Task to complete
Nothing but the lines below from the one holding "Eyelid Lift: Patient 1 - Before and After 1" up to and including the one holding "Photo of Joe" should be copied, exactly and without pictures.

Records supplied
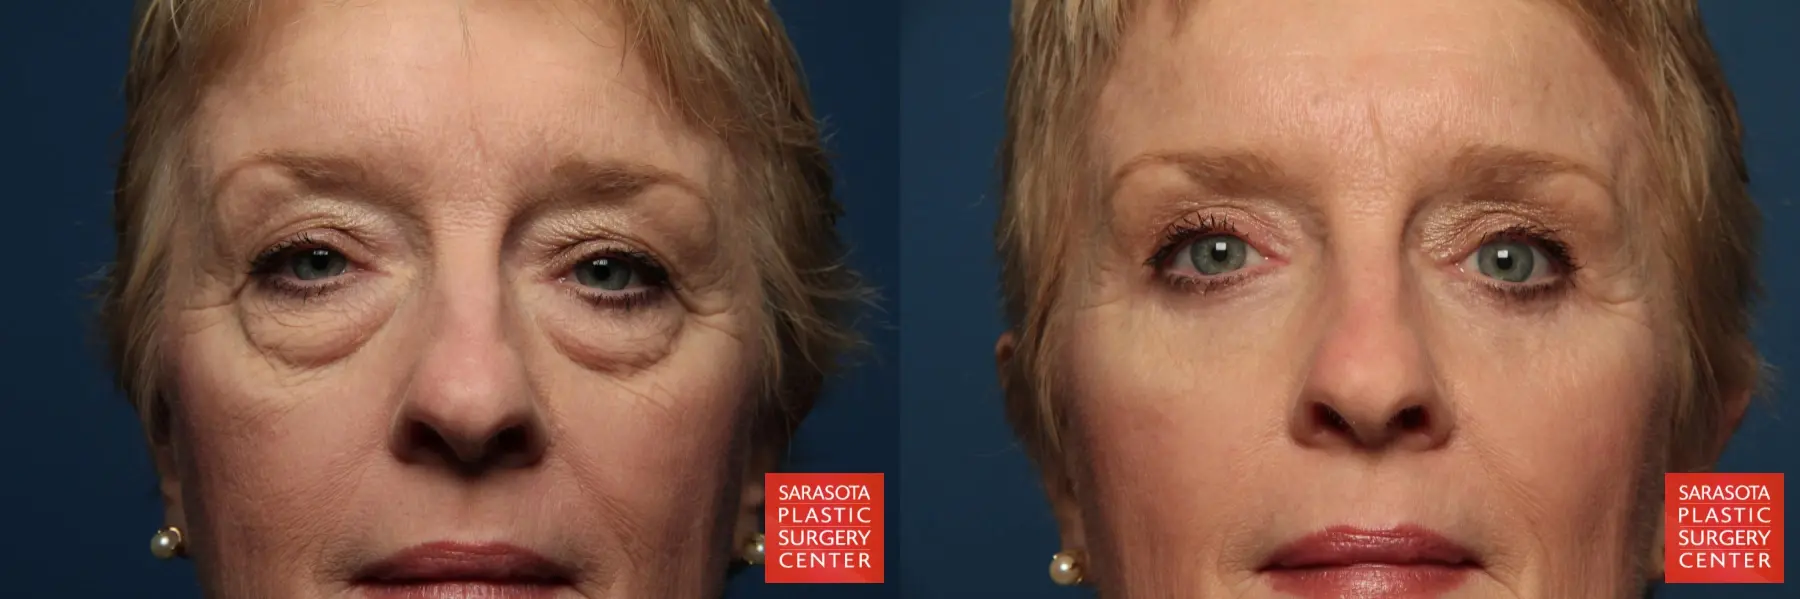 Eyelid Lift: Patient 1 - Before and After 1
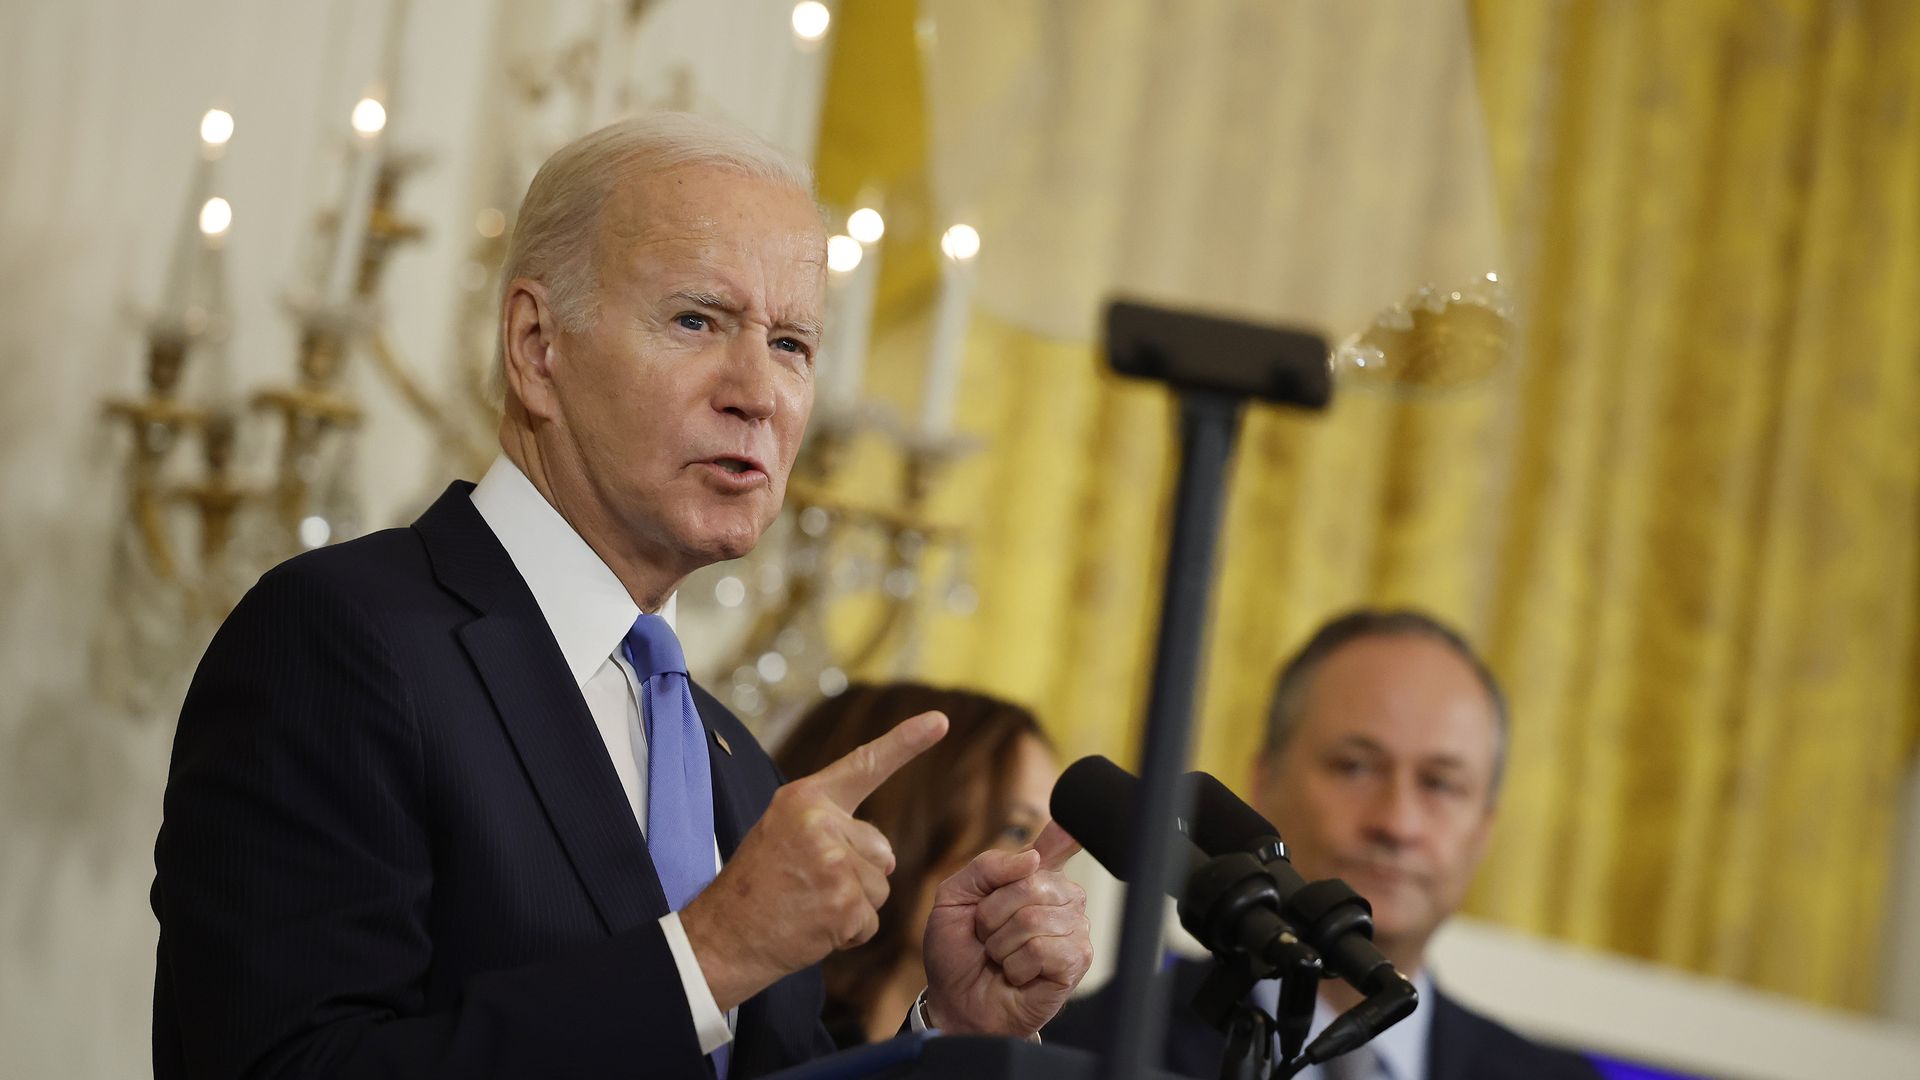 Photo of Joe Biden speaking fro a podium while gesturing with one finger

* * *

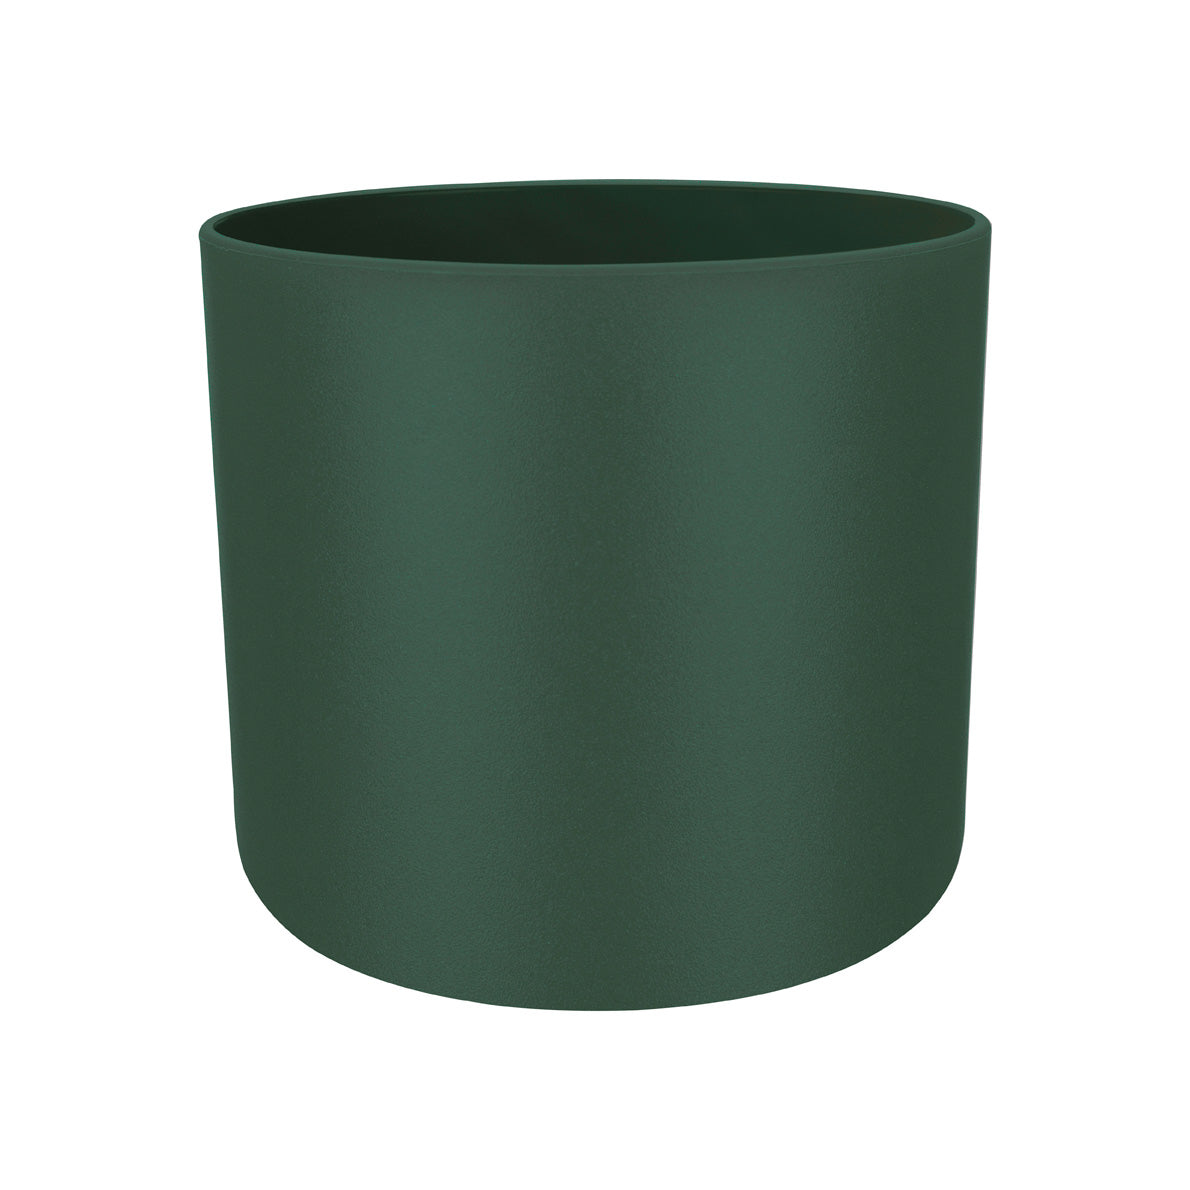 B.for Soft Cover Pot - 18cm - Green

Written solution
 Eyelid Lift: Patient 1 - Before and After 1
 Photo of Joe Biden speaking fro a podium while gesturing with one finger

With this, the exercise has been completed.